This is the second picture in the series My life and in it, as in the first picture, I continue to develop the ambivalent effect of fantasy and reality on human behaviour.
What is fantasy? Where is it to be found?

All who belong to the world of art and who have a gift for words could fill hundreds of pages surrounding the concept of fantasy in a silk bubble; they are keen to safeguard the radiance of its magic and to protect it from a reality which they all see as dehumanizing. The words would flow like satin onto the sheets of paper, some adorned with ingenuity, others intoxicating our will with seductive descriptions, all with that sweetness which puts the mind to one side. They could not find any legitimate, secret resting place since fantasy is capricious and wanders like a free spirit, landing briefly only in those intelligences which are eager to strip off the mourning imposed on us by modern life, so implacably pragmatic.
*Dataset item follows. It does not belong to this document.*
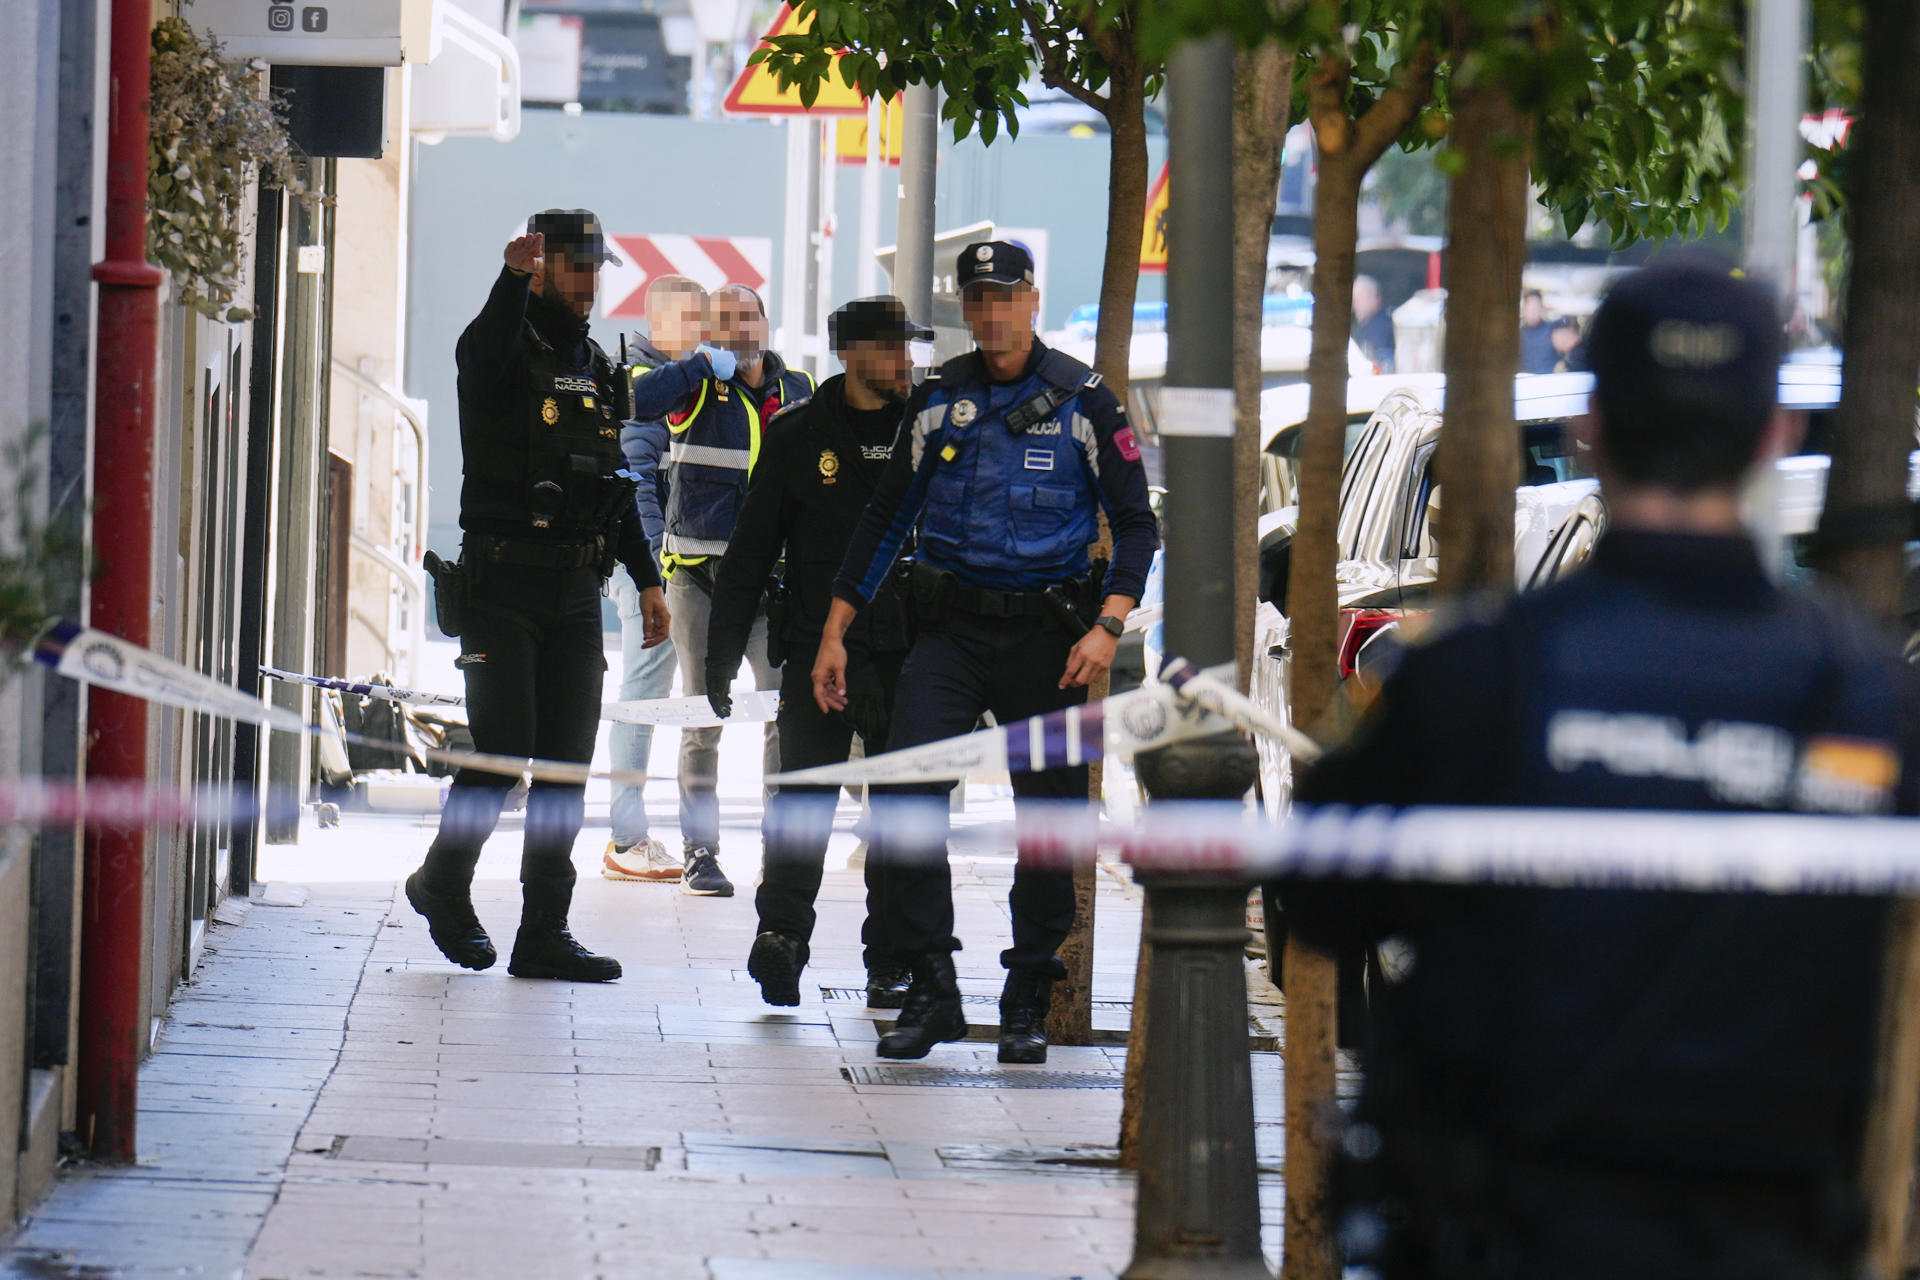 Ex-PP politician Alejo Vidal-Quadras, shot in Madrid street, relates attack to his Iran links

For those who are more practical, the universe of fantasy is closely linked to an excess of imagination, a whirlpool of desires, plans, ambitions, fancies, dreams and utopias which appear in no order, contradict each other and are typical of youth. Fantasy is an intellectual flu, typical of youth and lessened by maturity.

These attitudes are more commonplace, but what is the true structure that supports each of these positions? Have they been formulated correctly? If the spectator had to identify with one of them, which would they choose?

True, we can find people from all walks of life on both sides of the threshold, yet the vast majority of readers who pay attention to these suggestions will respond as they desire, and because they do not understand the reason for their desire, they will be wrong twice. As I follow this approach, many will believe that I am only trying to produce an illusion by playing with words, but let us not forget that although in the world of fantasy not all is as it seems, reality can contain fantastic secrets which may confuse less prepared minds. So let’s develop both positions and see where they lead.


For the first group, those on the side of Fantasy, the picture seems to describe itself since I set it in a hollow in a wood, a place of withdrawal, a secret place, the home of little animals, where an evocative figure emerges to guide our plans. For these who are open-minded and receptive, the metaphorical lyricism found in these corners has always been a source of inspiration; the smallest, most hidden things contain greater, more trustworthy realities because although reality splits into countless winding paths, these all lead towards the same end, the light of understanding. The poet can locate a strange phenomenon under the roots of trees and the mathematician a strange number, but if we look carefully at their essential nature and at the content of what they say we will discover a greater reality where there is room for us all.
For the second, those addicted to common sense, fantasy lives in a tangle of fictions fed by the avidity of youth, preventing individuals from realizing what mechanisms really control their lives. Fantasy develops with models of freaks, spirits, and fairies, all in magic scenarios, majestic towers and sinister roots. If these people had to attribute any metaphorical element, such as hollowness, to the picture, they would present it as the narrow space in which so much subjectivity is elaborated, or as a well, the prison of those minds that cannot break away from the seductive song of the mermaid that bewitches our reason.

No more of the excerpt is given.